Similar to friction, there is no indication that agencies use noise as a factor in determining pavement life, and the actions taken in cases of excess noise are not rehabilitative in nature. Surface treatments such as grinding, grooving, and thin overlays of various types are used to improve noise characteristics along with external remedies such as sound barriers and other roadside design features. (47,48)
The body of literature from outside the field of pavements provides a rich source of information on theoretical models and terminology that are relevant to pavements. The following list provides some key concepts captured by the study team from a review of available information outside the field of pavements:
A repairable system can be restored to satisfactory operation by any action, including parts replacements or changes to adjustable settings. Failure rates and hazard rates only refer to the first failure times for a population of non-repairable components.(49)
In a non-repairable population, individual items that fail are removed permanently from the population. While the system may be repaired by replacing failed units from either a similar or a different population, the members of the original population dwindle over time until all have eventually failed.
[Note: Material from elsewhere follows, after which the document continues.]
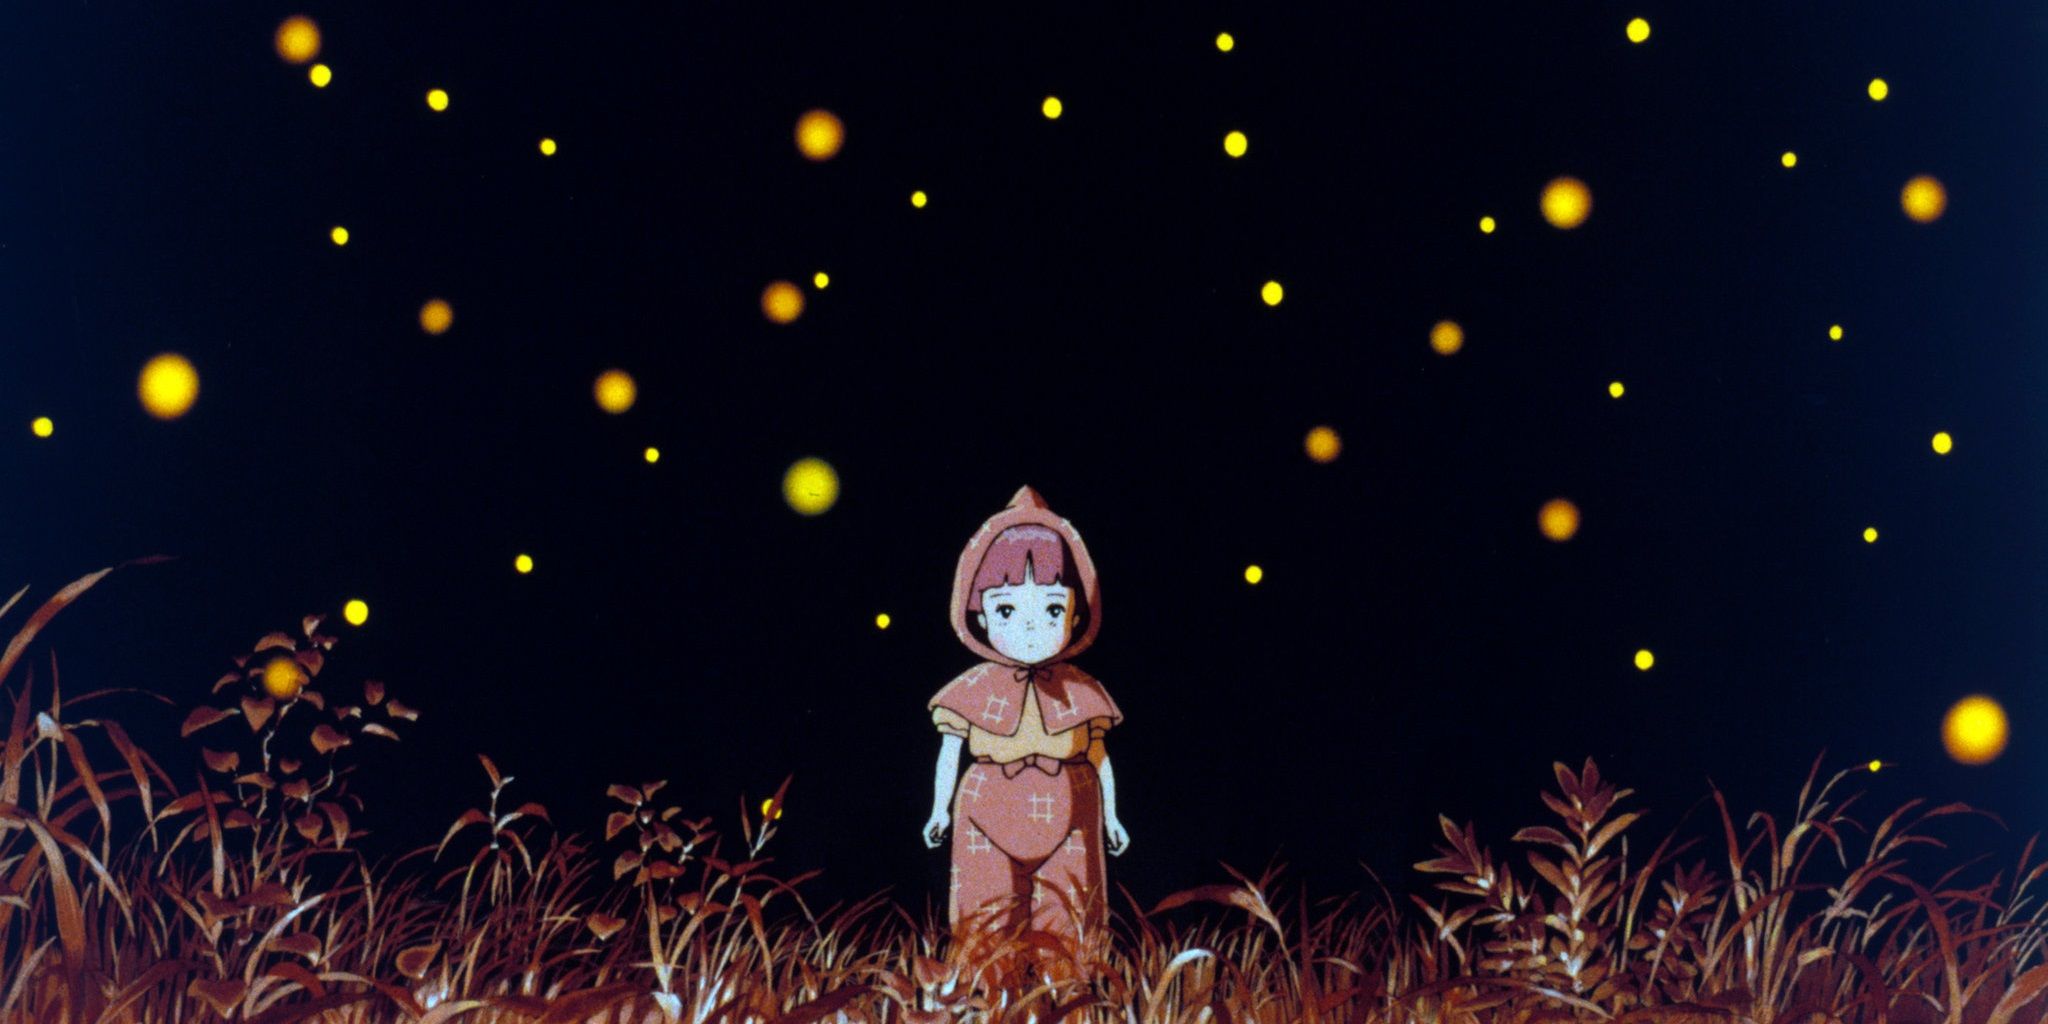 Setsuko em pé entre os vaga-lumes no Túmulo dos Vaga-lumes

Lifetime distribution models are theoretical population models used to describe unit lifetimes. The population is generally considered to be all possible unit lifetimes for all units that could be manufactured based on a particular design, choice of materials, and manufacturing process.
Alternate types of probability density functions (PDFs) are used to describe lifetime distribution models.
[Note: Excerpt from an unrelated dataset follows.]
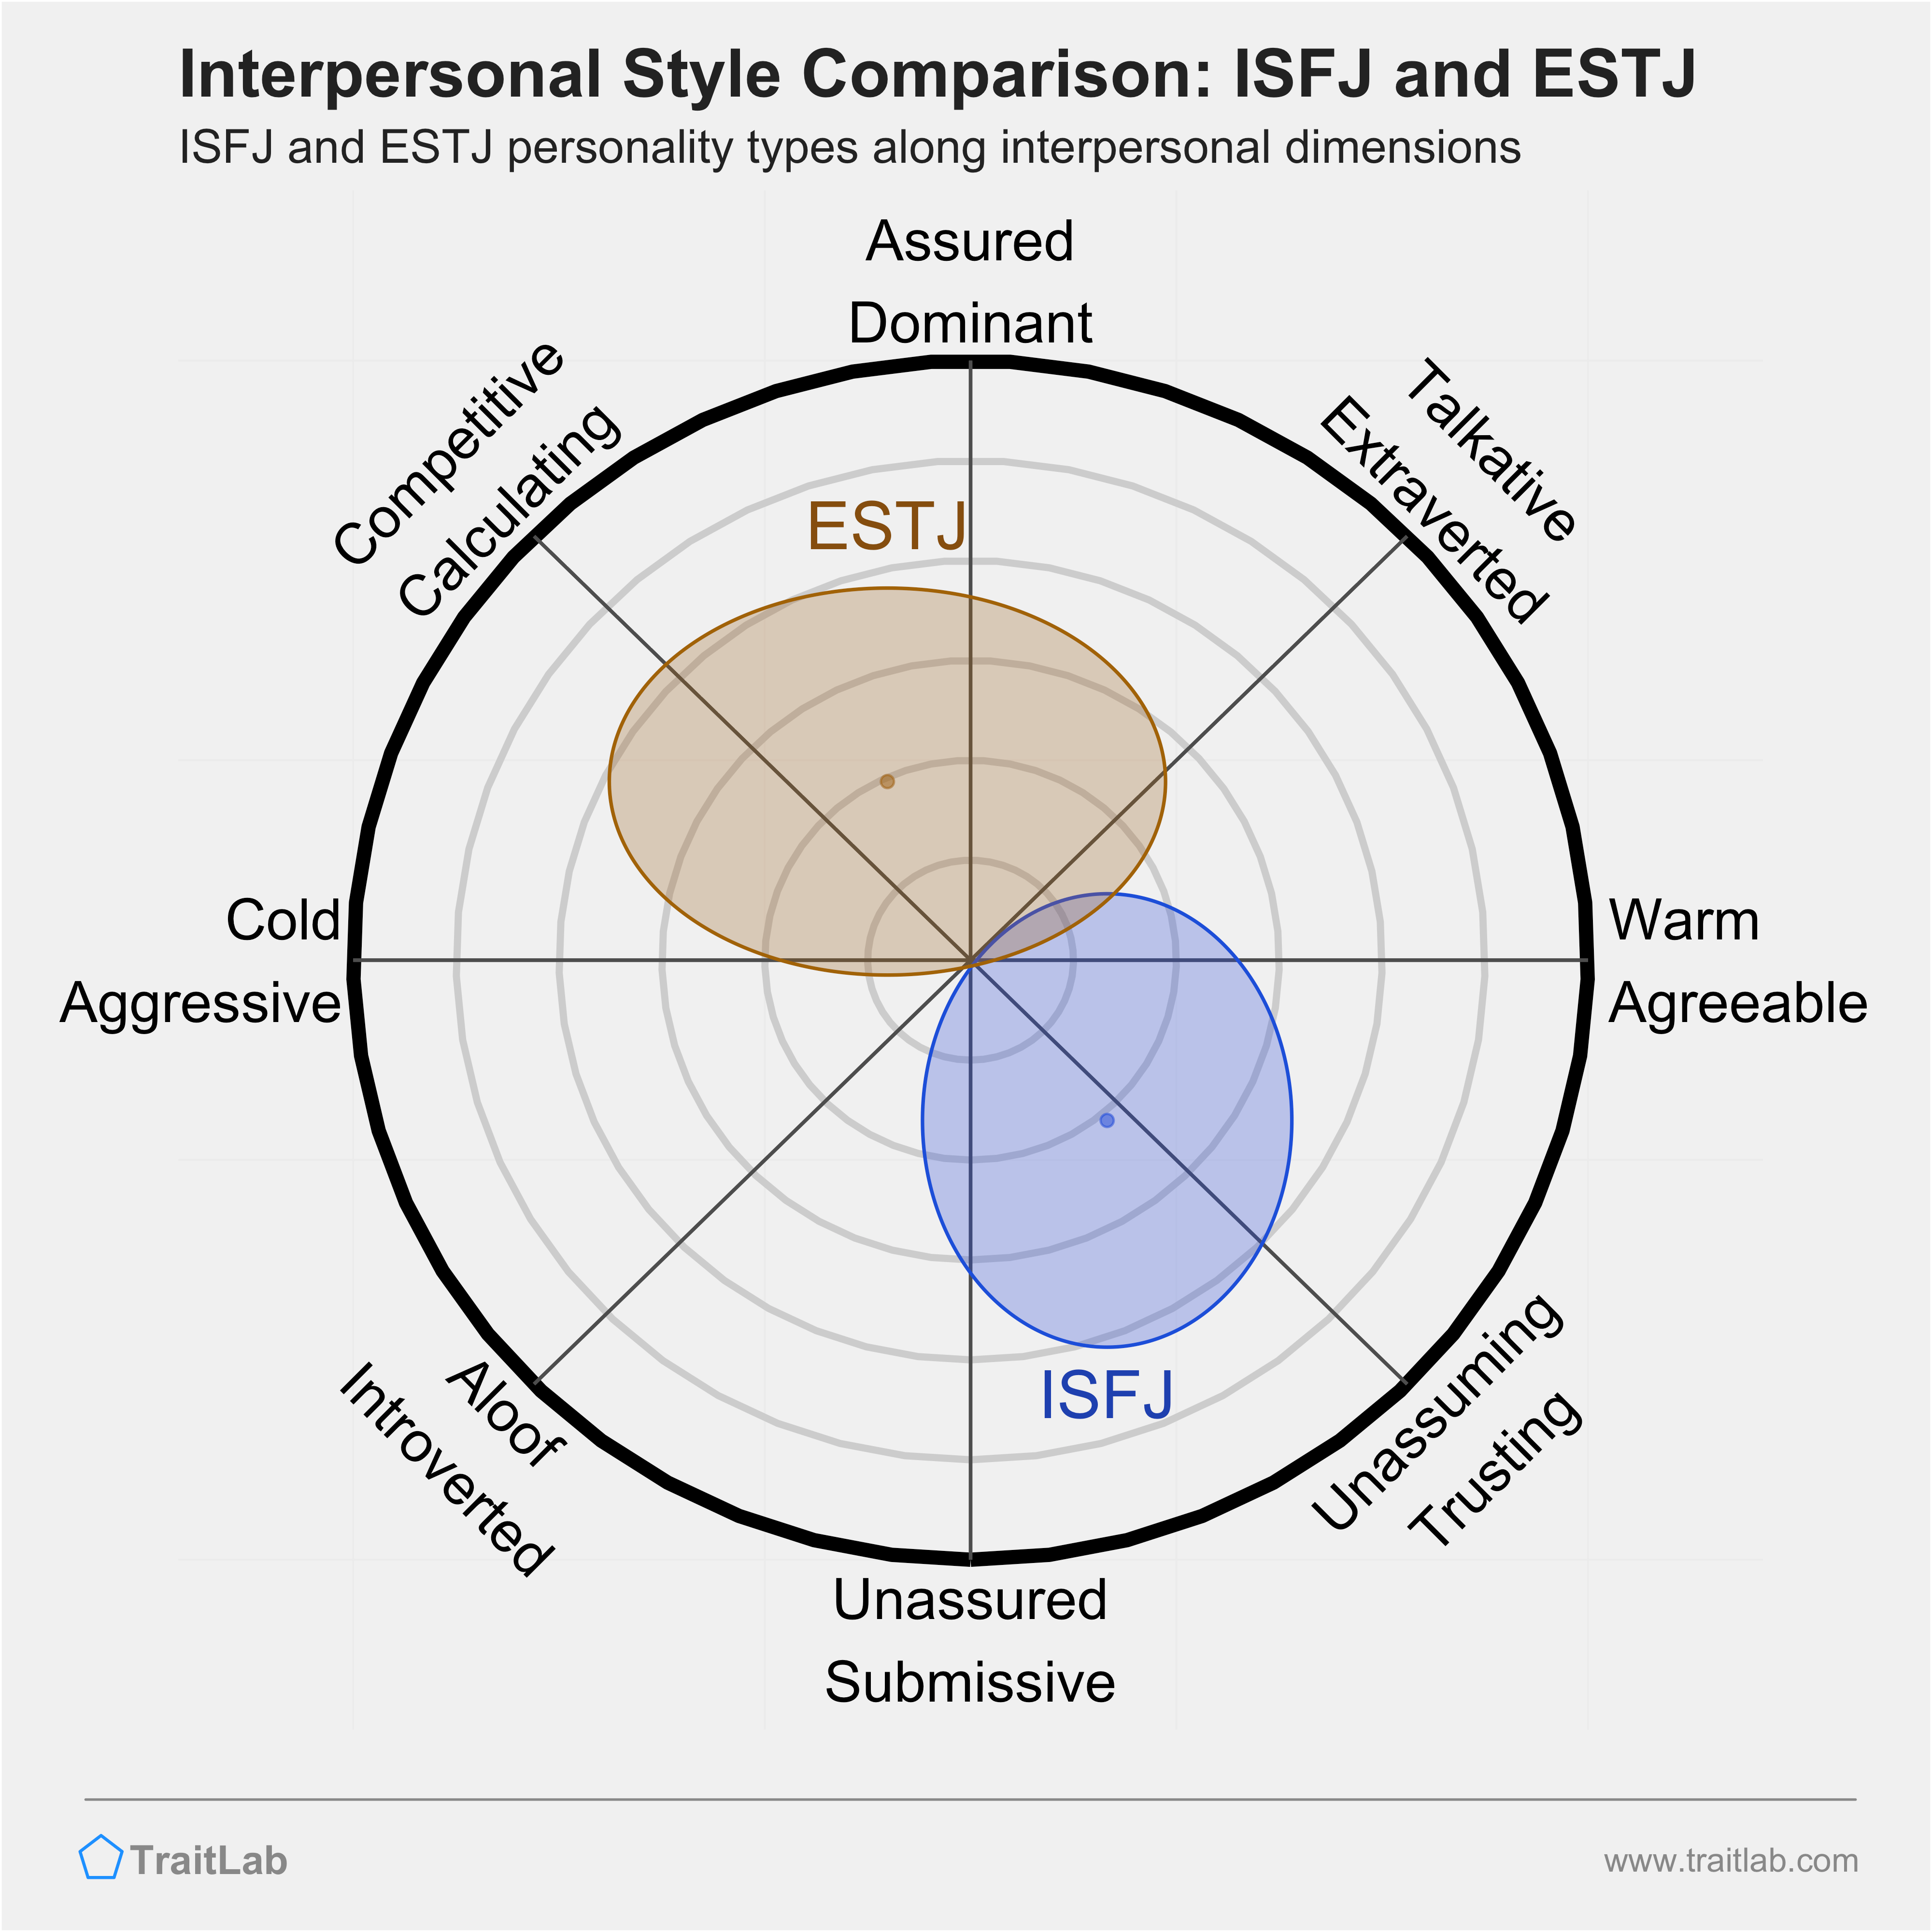 ISFJ and ESTJ comparison across interpersonal dimensions

A cumulative distribution function is the probability that a unit will fail between times defined by the PDF. It is the integral, or area under the PDF curve, between time events in the PDF.
The reliability function or survivability function are defined by the probability that a unit survives beyond a specified time. The general rule is to calculate the reliability of a system of independent components and multiply the reliability functions of all the components together.
Failure rate is defined for non-repairable populations as the (instantaneous) rate of failure for the survivors to time during the next instant of time. The failure rate is sometimes called a conditional failure rate since the population of survivors used in the denominator converts the expression into a conditional rate, given survival past time.
The concept of virtual age accounts for the effect of the repair strategy on future system performance modeling. If a repair returns a system back to an initial state of performance, the virtual age of the system is reset to zero. At the other extreme are minimal repairs that have no impact on future performance of the system and the virtual age is equal to the actual age of the system.(50)
For many years and across a wide variety of mechanical and electronic components and systems, empirical population failure rates have been calculated as units of age over time and repeatedly obtained the "bathtub curve", which illustrates instantaneous failures rates over a product's life. The bathtub curve concept is depicted in figure 11 and has three distinctive time periods: the early life or infant mortality period, constant failure rate or useful life period, and end-of-life or wear out period. The high rates of failure during the early life or infant mortality period are characteristics of weak units with manufacturing or other defects. The early period is followed by a period of relatively constant failure rate also known as the intrinsic failure, normal, or useful life period. During this period, failures tend to be more random in nature due to various effects that impact life depending on the type of component. This is followed by the wear out period when the failure rate increases at the end of the product life.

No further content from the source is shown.